Mourning Lady With A Rose / Trauernde Frau mit...
Mourning Lady With A Rose / Trauernde Frau mit Rose (01) (Photo credit: Georg Schwalbach (GS1311))

“Grandfather, before your nap: you promised me a story!”

“Certainly. What sort?”

“Spooky, please.”

“Very well. So, when I was a young redcap I was stationed in Istria, which is near Italy, but in the Transylvanian Tribunal. It’s a strange and history haunted place. There was a storm, and I’d had to leave the barn I was staying in because I’d stolen some wine from the farmer who owned it. Although, to be fair, his wife had drunk half of it and so I was kind of undressed…”

“Grandfather! I’m only twelve, remember?”

“Are you sure?”

“Yes! You were there when I was born!”

“Oh, yes. Lovely day. Anyway, there was a terrible storm, and so I was walking through the blinding rain and I’d lost my shoes again.  I found this sheltered nook where the road had caved in. It had been built over some sort of grotto tomb, and so I thought “Well, I mean, ghosts are people, and people are generally good, so I can shelter in here, and talk my way out of it if it is haunted.” So I tied a rope off to a nearby tree and lowered myself down the hole.

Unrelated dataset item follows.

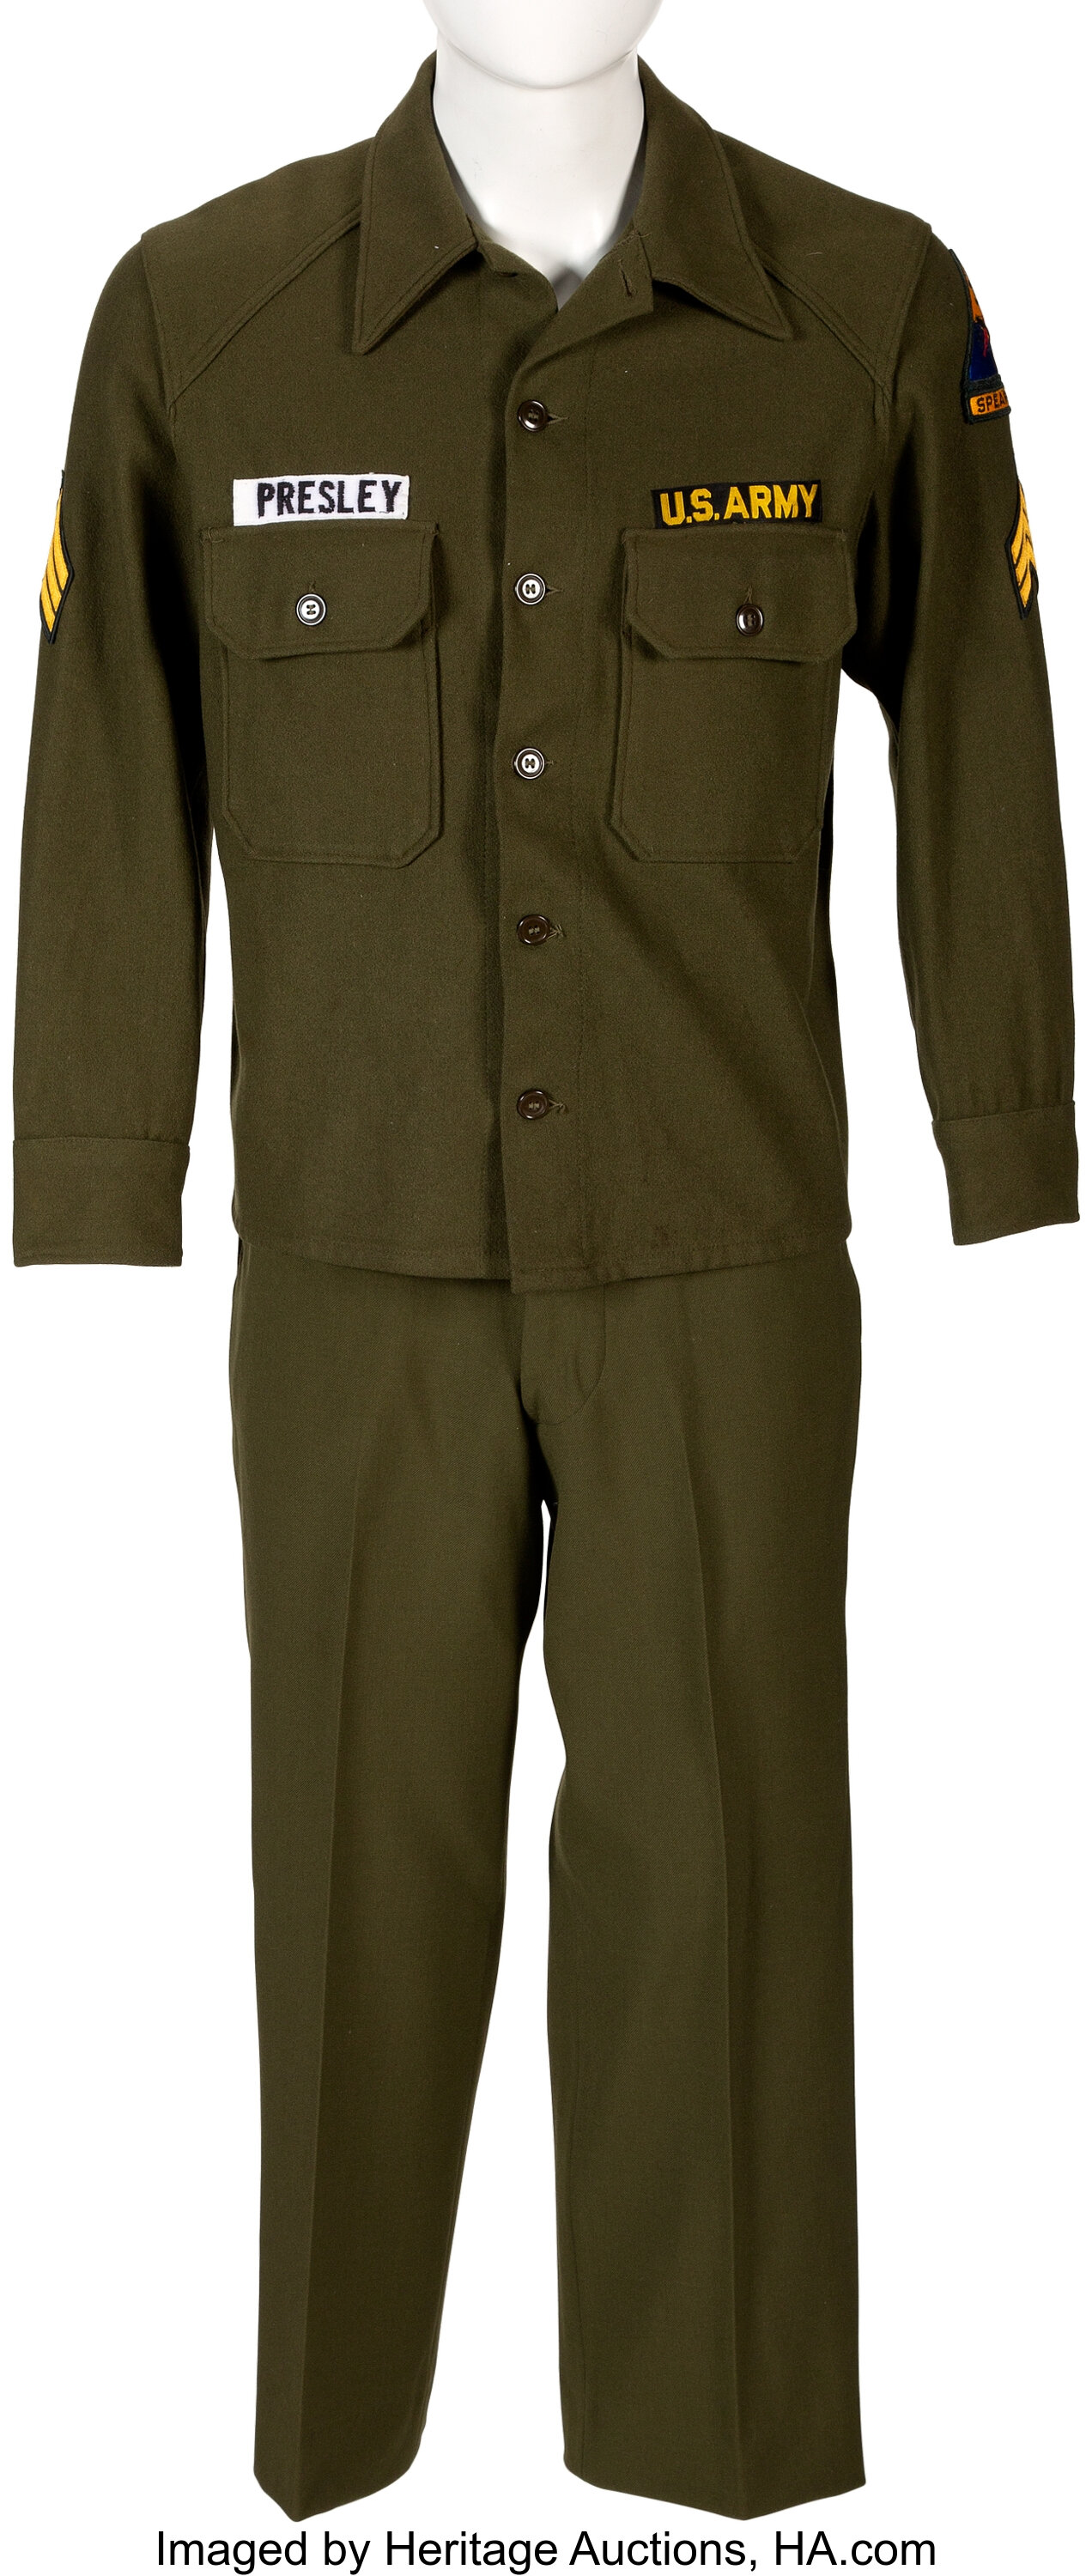 elvis presley army uniform
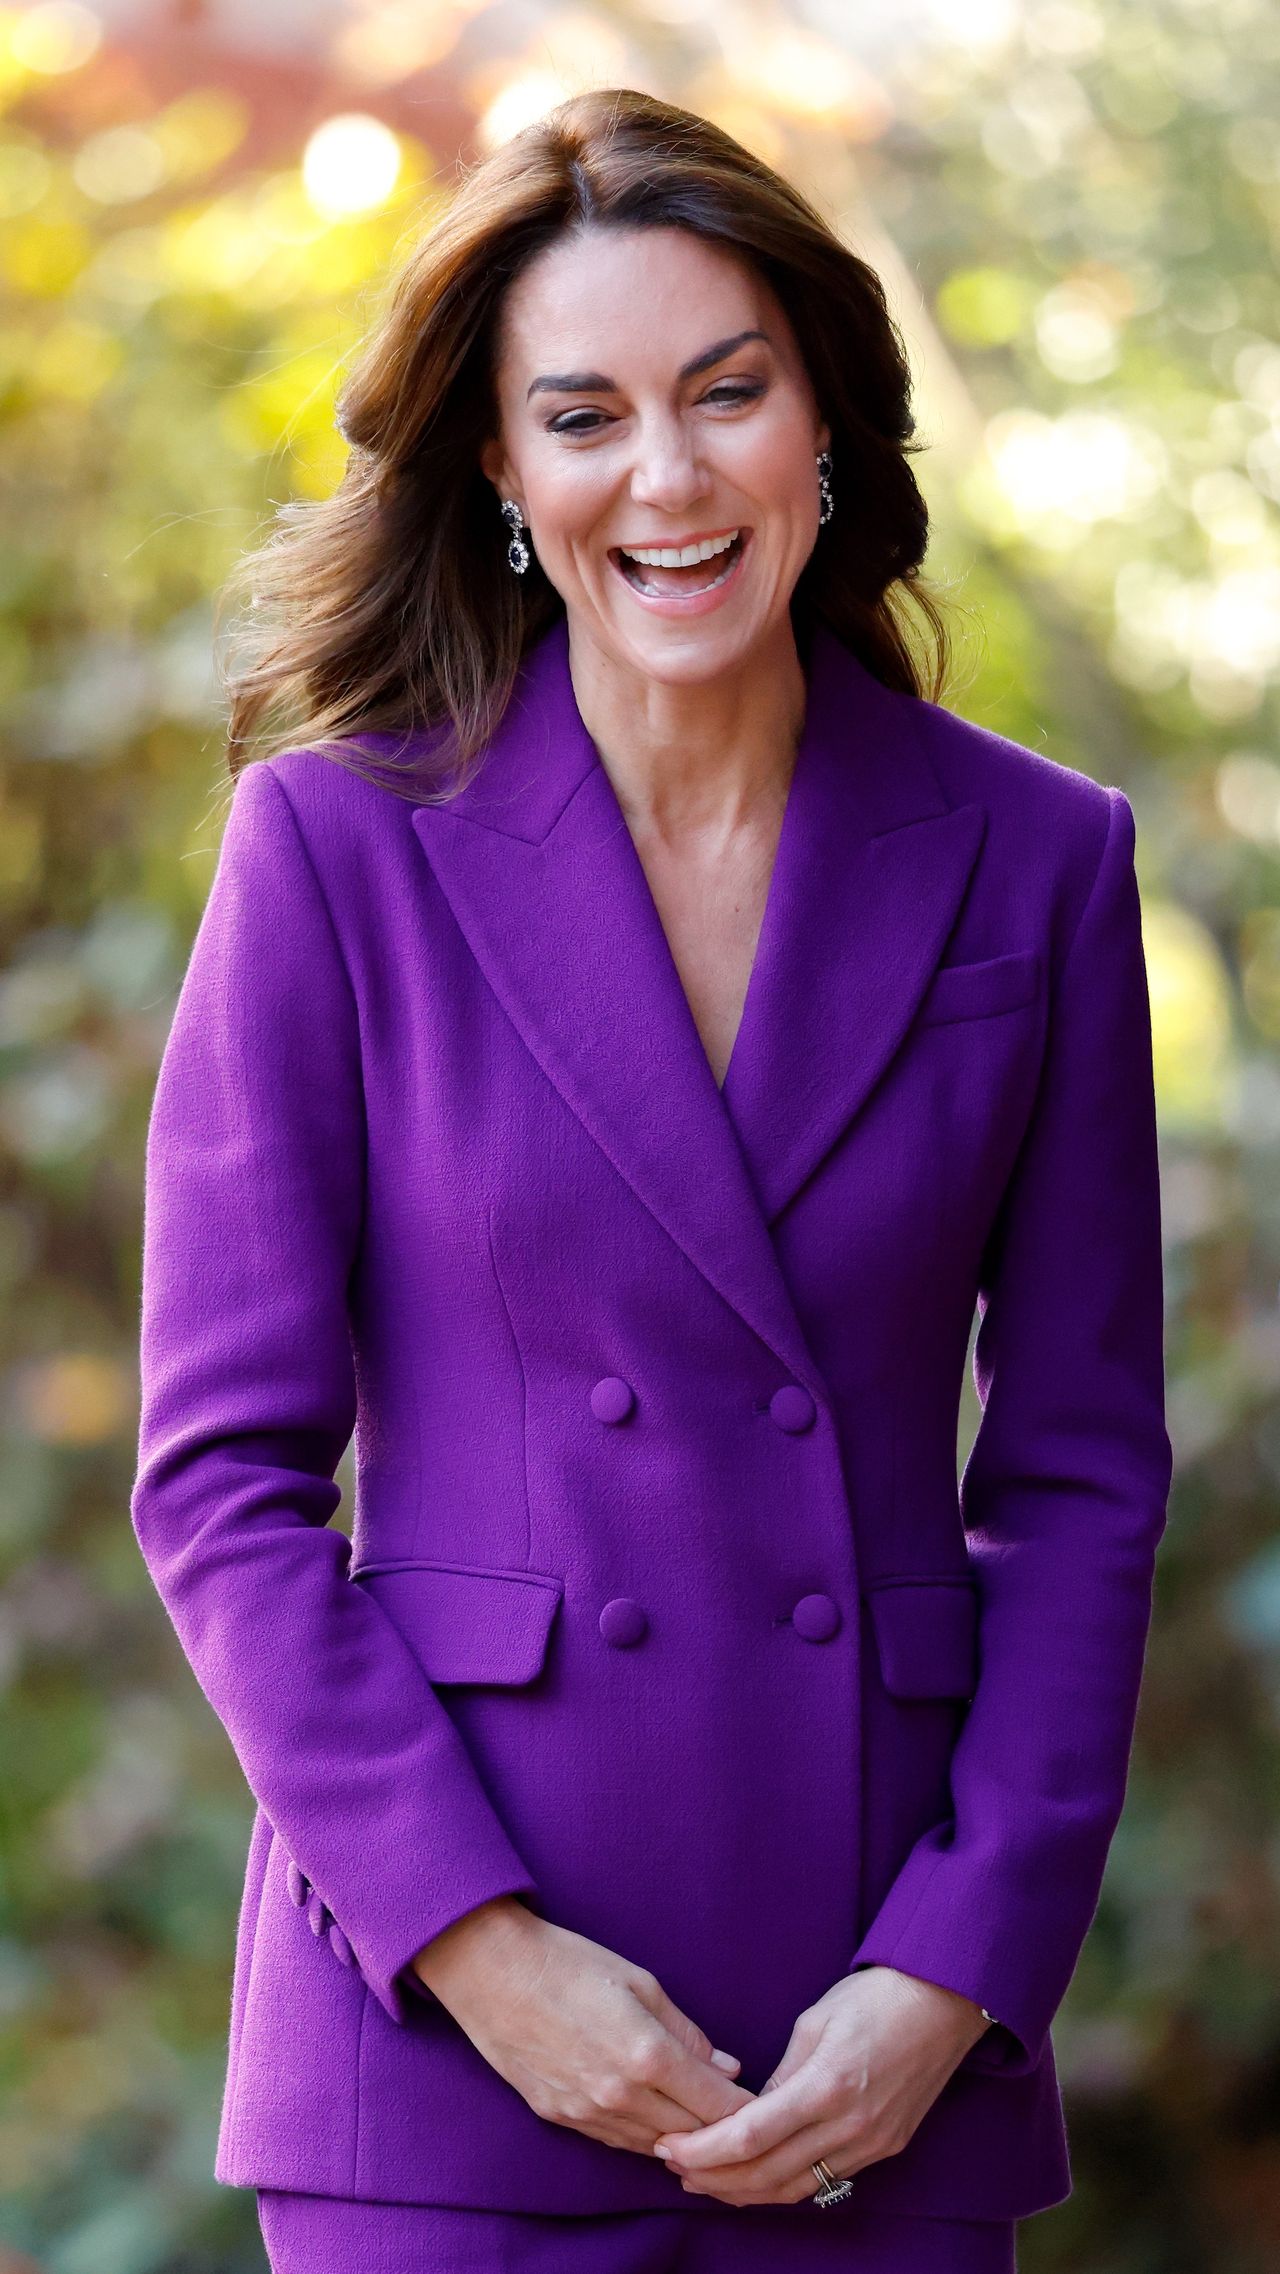 Księżna Kate olśniła w fioletowym garniturze

The tomb had a couple of magical traps, but they were marked with Hermetic symbols, so I was able to avoid triggering them. Older sorts of stuff, left over from the War, was often marked this way, after the Diedne were killed. They don’t teach younger people about it anymore. Not a lot of the old traps left,so they don’t need to. I’d read a book about them, though, in your great-grandmother’s study. So, I walked through to the tomb. It was one of those marble ones, you know. Good flat top, and warmed by a perpetual flame, so it seemed like just the spot for a nap, while the storm blew itself out.

I was awakened by a touch on my shoulder. It was a Tremere maga. She was prodding me with a stick, and her left hand had been transformed into a mass of five serpents, each spitting and snapping. She asked why I was prying into the affairs of her House. I promised I wasn’t, and let her read my mind…

“You’re about to make a lurid insinuation, aren’t you?”

“…um, no, not now. There’s a sort of timing to lurid insinuations which you seem to ruin with interruptions.”

“I know. So, why did she nearly kill you?”

“Well, the tomb was a leftover secret from the war. It belonged to — a psilos!”

“Ooh!  What’s a psilas?”

“You know what a psilos is. Your mother’s a psilos.”

“I know. So, why the big buildup?  She was a psilos.  La de dah. Aren’t we all?”

 
 

“Well, your mother’s family are, but you see, we don’t tell people.”

“Why not? What’s wrong with being a psilos?”

“It makes magi nervous. They don’t like the idea that mortals were ever trained to hunt and kill them.”

“But…we haven’t done it recently.”

“No, and they trained us to begin with. All of the psilos families, if you trace them back far enough, started with the Tremere.”

“The psilos you found, she served the Tremere?”

“Yes.”

“So, she didn’t kill you.”

“Who?”

“The Tremere maga. The one with the snakes for fingers?”

“Oh, no. She was distracted…”

“Grandfather!”

“..and convinced that I was no threat. And so I was allowed to go.”

“What, is that the story?”

“Yes, it even has a moral. Can you guess what it is?”

“Don’t tell magi you are a psilos?”

“Exactly right!”

“That wasn’t spooky at all! You said it would be spooky!”

“I crawled into a grave and fell asleep inside. That’s spooky!  I was attacked by someone with snaky fingers – like these!”

“Stop that!  I hate being tickled!”

“You loved it as a baby.”

” I’m not a baby! I’m twelve!”

“Say it was spooky!”

“Alright! Alright! It’s spooky!  … I was expecting a ghost, though.”

“There was a ghost.”

“Oh, pswah! You are going to say the maga was a ghost!”

“Have I told you this before?

“Oh, you are so infuriating at times! That’s so transparently a lie!”

“Hehe. Ask your grandmother…I’m having my nap.”

“Grandmother, did grandpa ever tell you about a ghostly woman with a set of snakes for a hand?”

“Yes, she showed up several times in his life.”

“And sleeping in a grave?”

“Also more than once. Did he trick you into finishing your story for him?”

“I think so. So it was all true?”

“No, there was no flat lid on the grave. He slept curled up with a marble statue of the woman with the serpents for her hand.”

“Oh, that’s far better, you know. Why didn’t he mention it?”

“I’ve no idea. Perhaps he didn’t want to mention the part where they tore off his arm.”

“His arm? He has two arms!”

“A magus restored the other for him, in exchange for some of the treasures he stole from that tomb.”

“This is nothing like the story he told me!”

“Well, you do keep insisting that you are twelve.”

“I am twelve!”

“Well, you can’t blame him for shielding you from the horrific things. Settle now. Have your supper.”